The geometry of the ridge should produce a shoaling beam near the surface and a plunging beam near the bottom (Pingree and New 1989, 1991; Nash et al. 2006). Observed and model energy-flux profiles from the eight stations around Kauai Channel and French Frigate Shoals show intensification in the upper ocean (Fig. 5), as expected from WKB scaling (FE ∝ N). However, the observations often exhibit near-surface intensification and energetic small-scale vertical structure that the model fails to capture, because of either inadequate vertical resolution in the model or sparse temporal sampling in the observations projecting energy from outside the semidiurnal band onto the semidiurnal fits (Nash et al. 2005). Our error estimates (Fig. 5) account for aliasing of GM energy that has significant depth dependence. High-wavenumber near-inertial energy similarly alters energy-flux profiles but was not accounted for because sampling was insufficient to resolve it. Observations also reveal near-bottom peaks in the cross-ridge energy flux (FE⊥) at some stations, though these rarely coincide with numerical predictions. Observed correlations 〈υ′p′〉/(〈υ′2〉〈p′2〉) of 0.3–0.7 in the energy-flux major-axis direction indicate that a large fraction of the water column variance contributes to the integrated flux. Correlations were <0.1 in the minor-axis direction.
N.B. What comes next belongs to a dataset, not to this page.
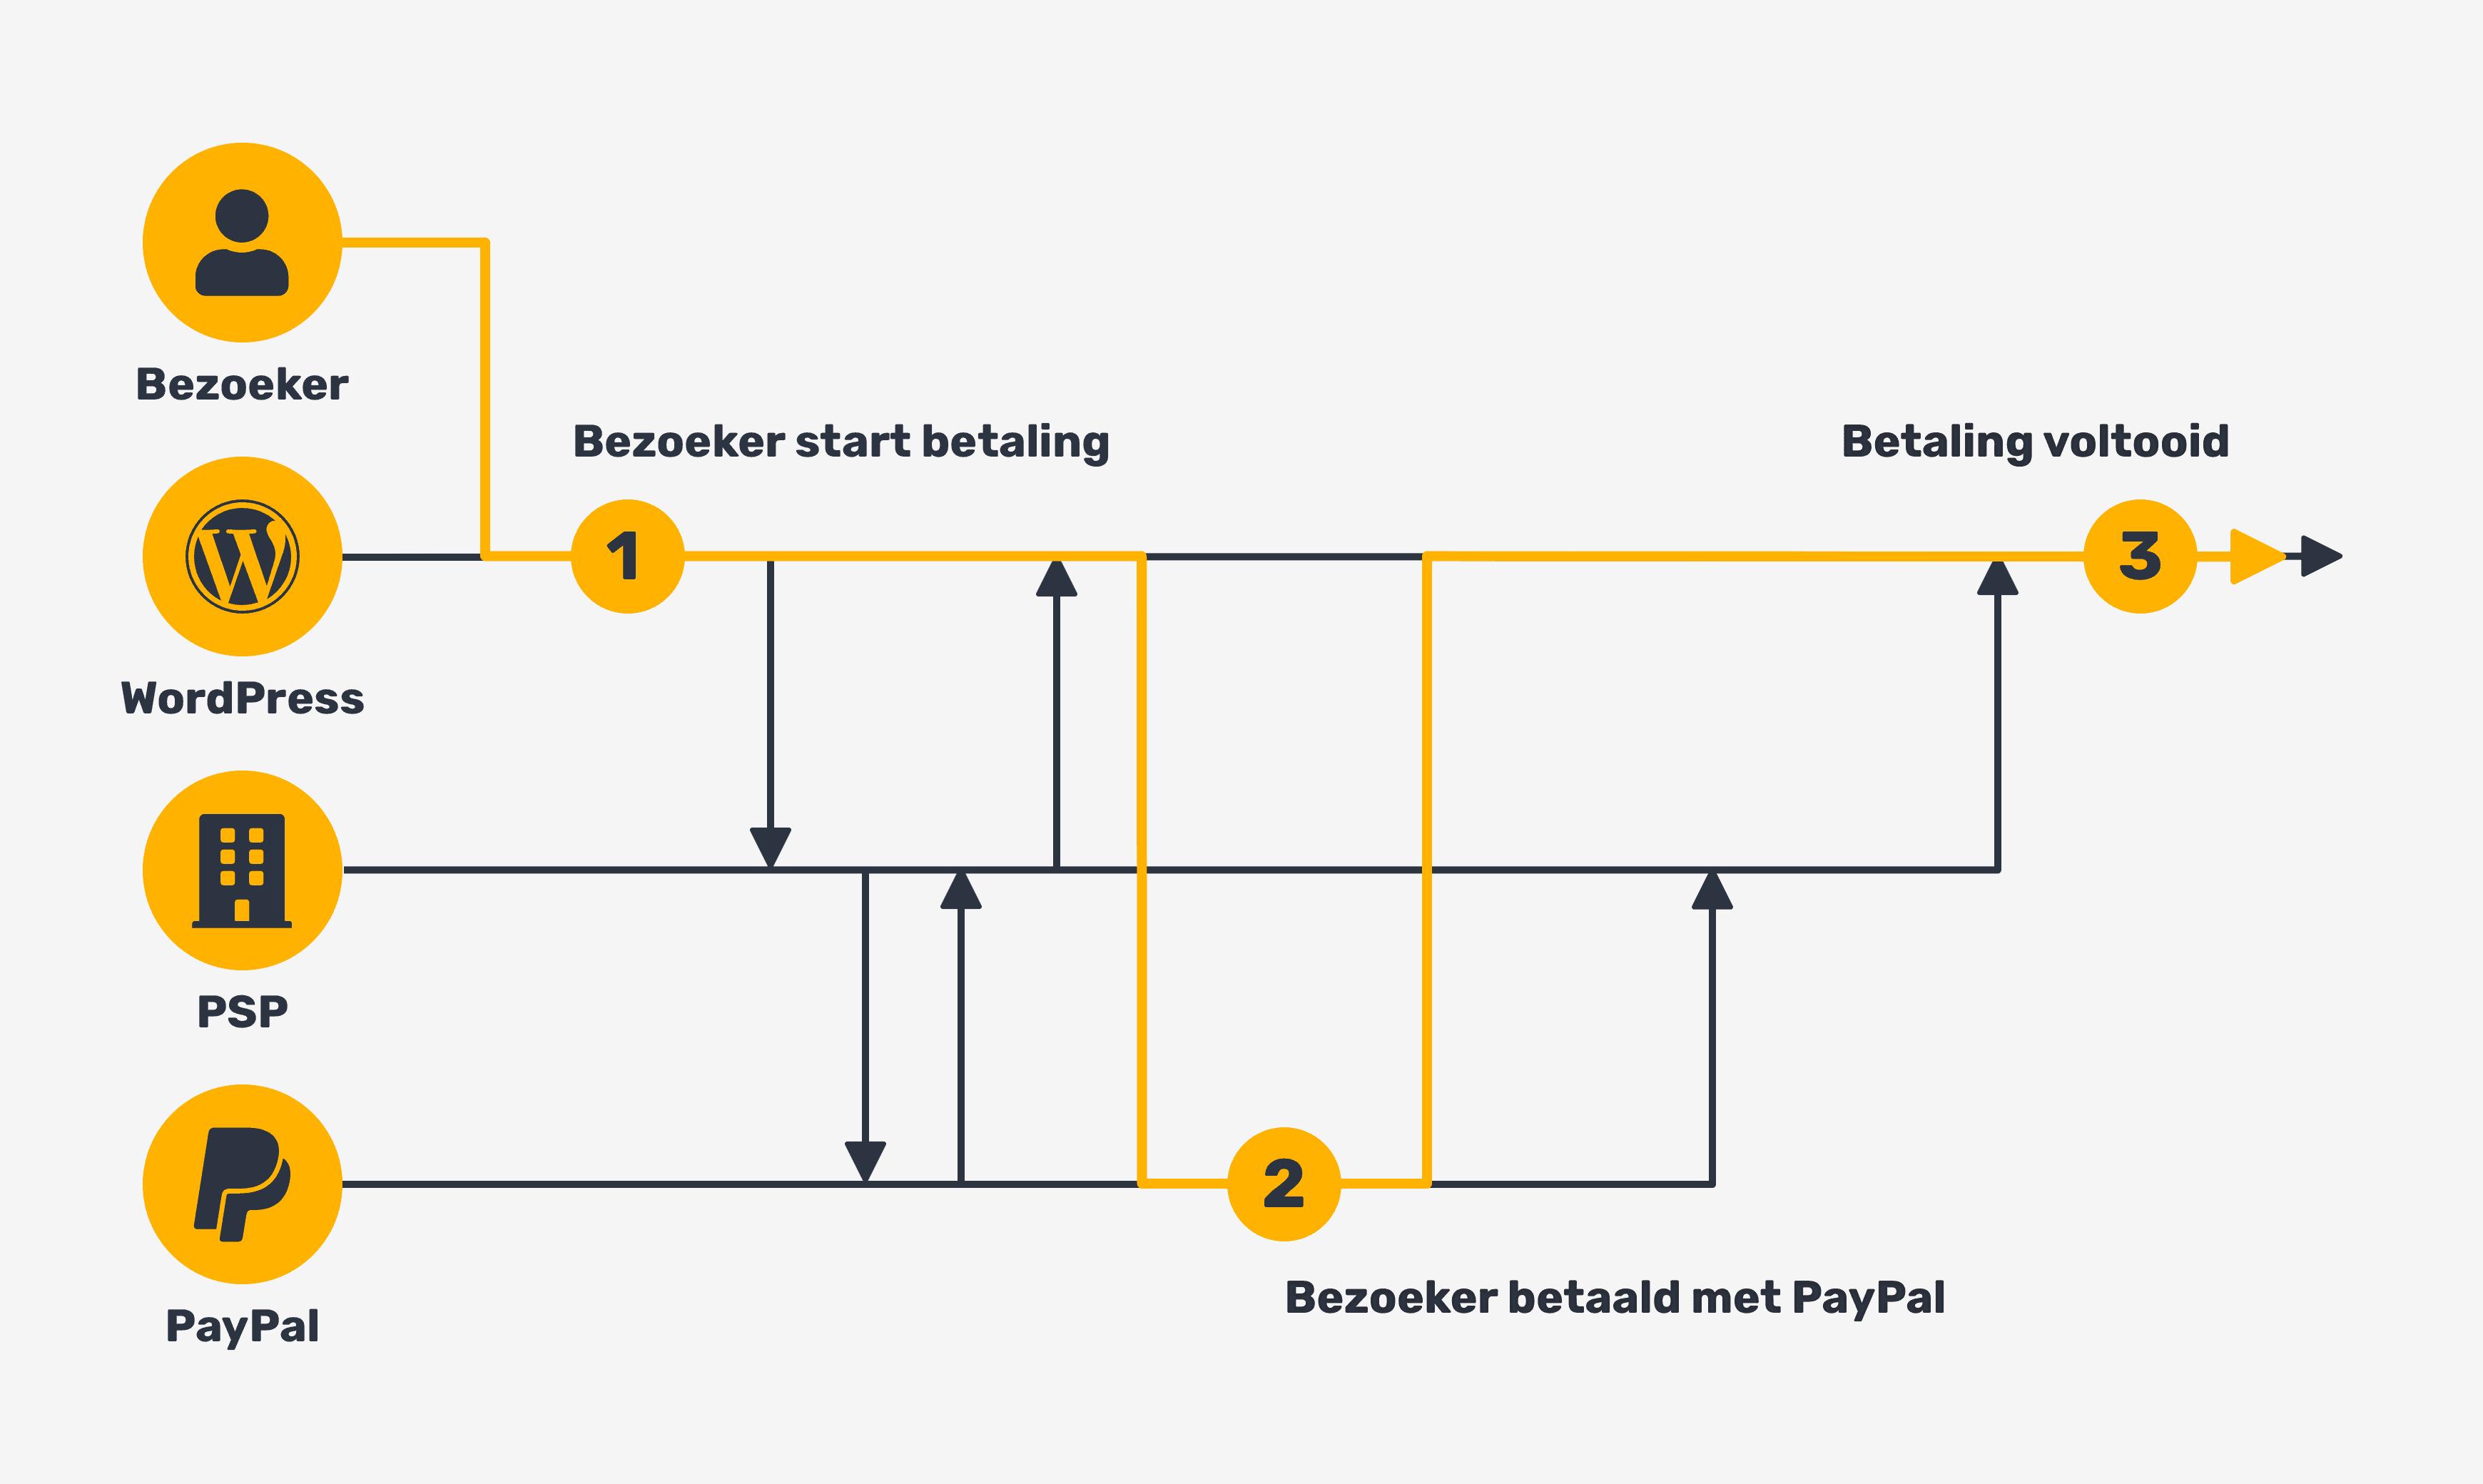 Payment flow diagram via PSP

Vertically integrated fluxes radiate north and south away from the Hawaiian Ridge in both observations and the model (Fig. 1), consistent with satellite altimetry (Ray and Mitchum 1997; Kantha and Tierney 1997) and farfield tomography (Dushaw et al. 1995) results that characterize the ridge as a source of internal tides. Observed energy-flux magnitudes range from 1 to 33 kW m−1 (Fig. 1, red; and Table 1) and follow the spatial pattern of high- and low-energy regions predicted by the model (Fig. 1, blue; and Table 1); errors in the observed depth-integrated energy flux average ±2.5 kW m−1. Strong fluxes emanate from French Frigate Shoals (9–33 kW m−1), Kaena Ridge (4–18 kW m−1), and the region west of Nihoa Island (3–15 kW m−1), while weaker fluxes (0.4–2 kW m−1) radiate from the regions east of Nihoa Island and near Necker Island. Observed and modeled fluxes typically point in the same direction at energetic sites, with the notable exception of stations 06 and 06a (southeast French Frigate Shoals) and 01 and 13 (west Kauai Channel) where observed fluxes exhibit a strong westward (along ridge) component not present in the simulations (Fig. 1). At most stations, mode 1 dominates both cross- and along-ridge energy fluxes (Fig. 1, bottom panels). Cross-ridge flux has significant mode-2 contributions at station 08 (northwest French Frigate Shoals) and stations 12 and 14 (Kauai Channel). Mode 2 dominates the along-ridge flux at station 02 (southwest Kauai Channel) and stations 07 and 09 (French Frigate Shoals).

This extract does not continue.